The chuck on my 9X20 is a Cushman 8 inch 4 jaw. Please define too big?

 "Billy G"


----------



## wa5cab (Dec 25, 2015)

Depends upon circumstances, including the weight of the chuck.  I would probably define the largest chuck that one should use on a given size machine as the smallest one whose jaws strike the bed before they get farther out than it would be safe to run.  Anything larger is too large.  On a 12". the largest is probably a 10".  However, some 10" might be heavier than you would want to run.  That might depend upon whether the spindle bears were sleeve, babbit, ball or tapered roller.  And also on the effective diameter of the bearings.


----------



## Olddaddy (Dec 29, 2015)

Curiosity got the best of me.....so I swapped out the small chuck for the large one and it turns fine, egads what a beast !
What I can't figure out though is how to swap the jaws around.  My small chuck jaws just thread out till they release and can be turned and re-installed for inner/outer holding.  The big one stops short and won't go any farther than the edge of the chuck diameter.  I pulled the two screws out of one jaw thinking it would release, but no dice.  Can anyone enlighten me?


----------



## wa5cab (Dec 30, 2015)

Normally, two screws like those going through the jaw indicate a 2-piece jaw.  Although socket head screws are more common.  If they are, you remove the screws and the portion of the jaw clear of the front of the chuck comes off.  You just turn that around to switch between outside and inside (actually larger diameter versus smaller diameter but they always seem to be referred to the other way) work piece.


----------



## Olddaddy (Dec 30, 2015)

That is what I figured, but when I removed the screws the piece I thought should come off would not budge.  Perhaps it is dirty or stuck from age....will try again today.


----------



## wa5cab (Dec 30, 2015)

I can't in the photo actually see a parting line but I also can't think of what else the screws could be for.  I would loosen but not remove two screws in any one of the jaws and tap both sides pretty soundly with a brass or soft face hammer.


----------



## Olddaddy (Jan 16, 2016)

So,  I mounted the chuck and did some cleanup on a set of Volvo hubcaps for my 89 245 wagon.   What a nice surprise to find use for something I assumed was not meant for my lathe!  Appreciate all the good advice as always!!


----------



## chevydyl (Jan 21, 2016)

I have a Bison 8" chuck, with the back plate it's about 50 lbs, waaaaaaaaaaaaaaaaaaaaaaay to heavy for my atlas 12" commercial, it causes instant chatter.
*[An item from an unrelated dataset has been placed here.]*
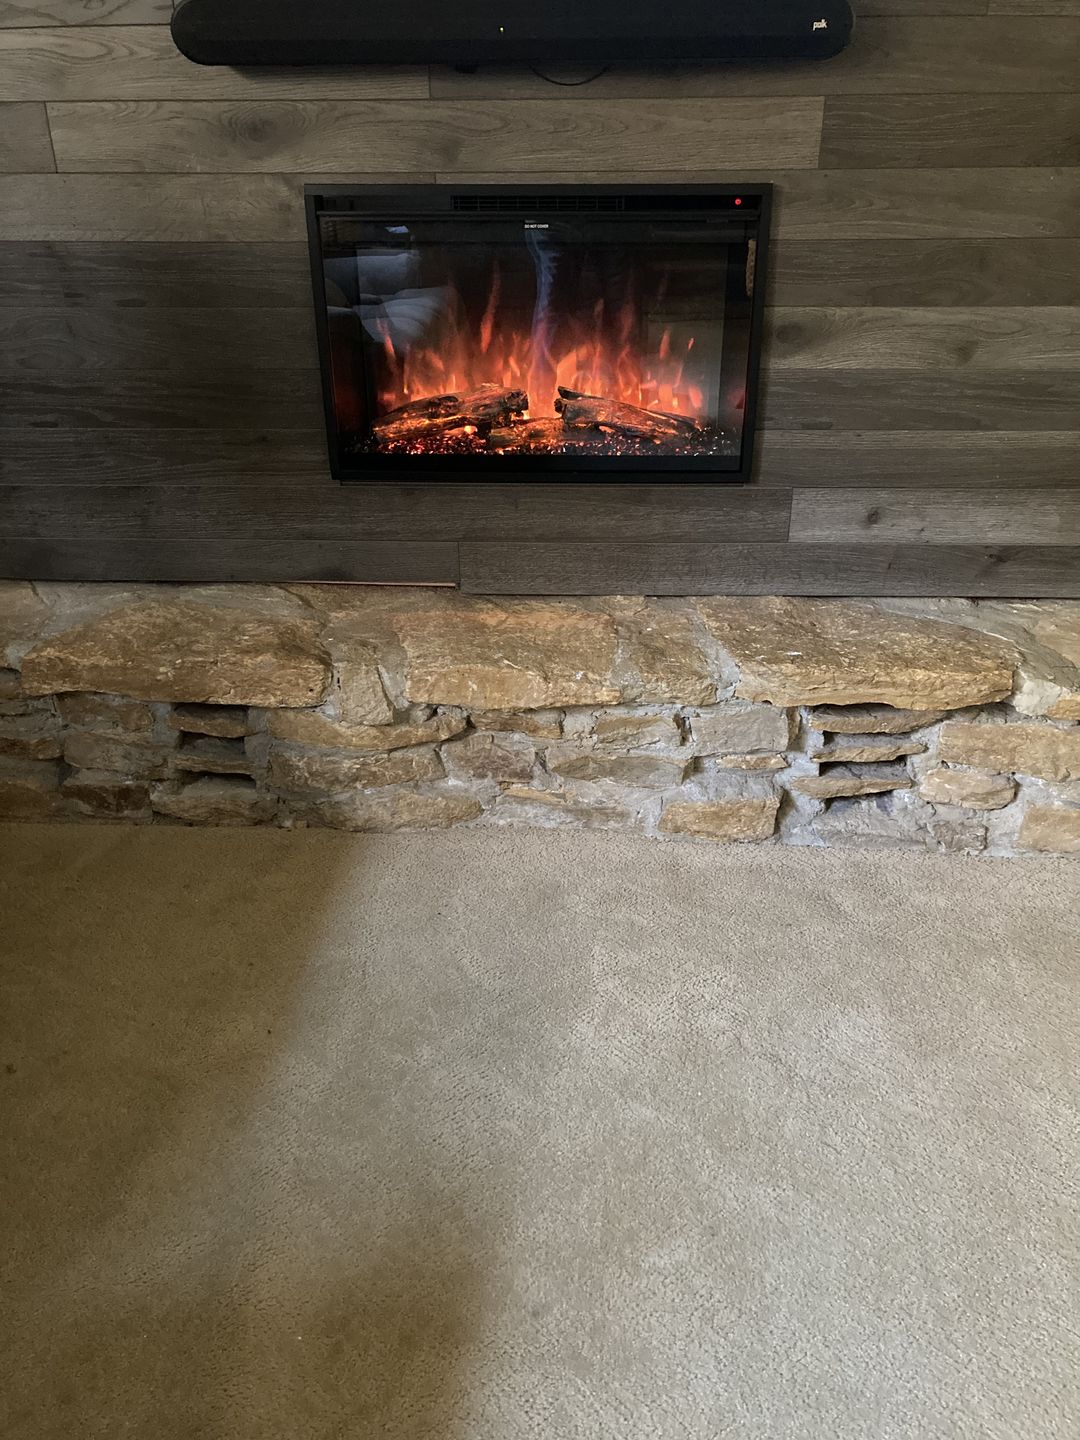 Modern Flames Redstone 36 inch Built-In Electric Fireplace Firebox Insert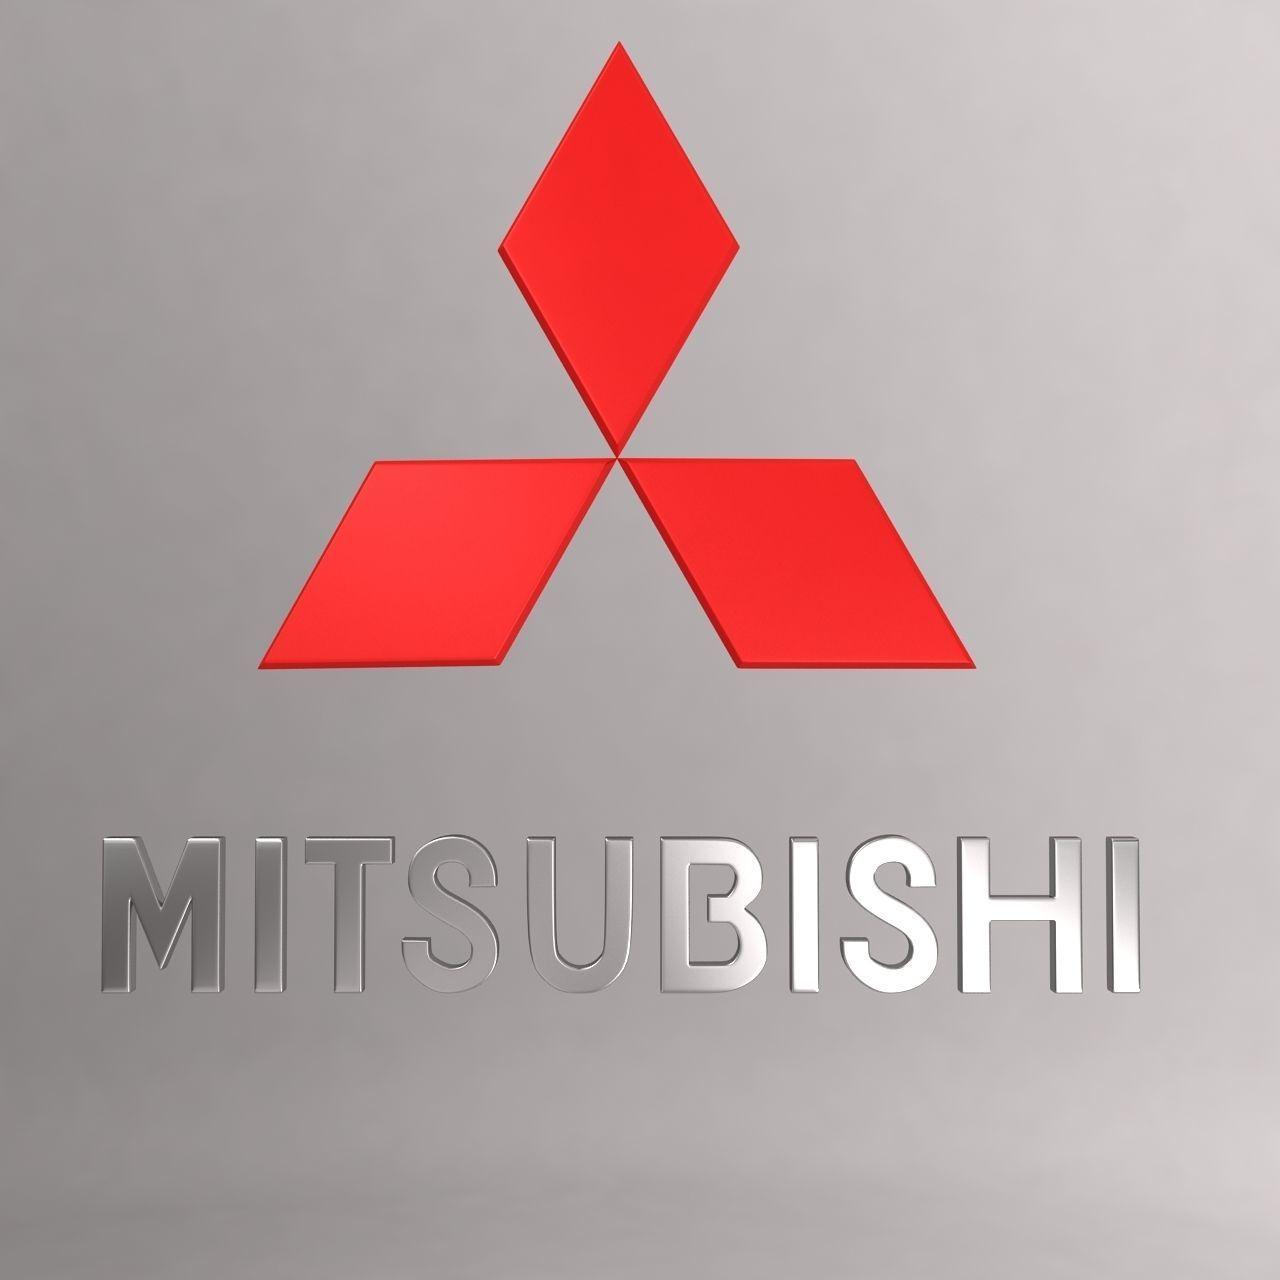 Mitsubishi Car Logo - Mitsubishi car logo keychain 3d model | CGTrader

I've tried snuggling up the bearings to no improvement. I'm only out  $100 bucks for the chuck which can be used for setups on the mill, so I think you lucky to be able to use the bigger chuck. I even turned the back plate with no hub to keep the weight as close to the bearings as possible. 
Get some gray scotch Brite and shine that thing up a little, then tear it down and clean all the guts.


----------



## TLW (Feb 14, 2016)

Those jaws look to be reversible. Remove the twp screws on the face of each of the jaws and they can be flipped around. You may have some rust holding them tight. I would try some penetrating oil and at least an over night soak to see if they will break free. Tap lightly with a brass hammer.
   If your "small" chuck is a 4 jaw, the process is not the same. with a scroll chuck (your beast) the jaws remain in the chuck body and only the jaw caps as they are sometimes called are flipped.


----------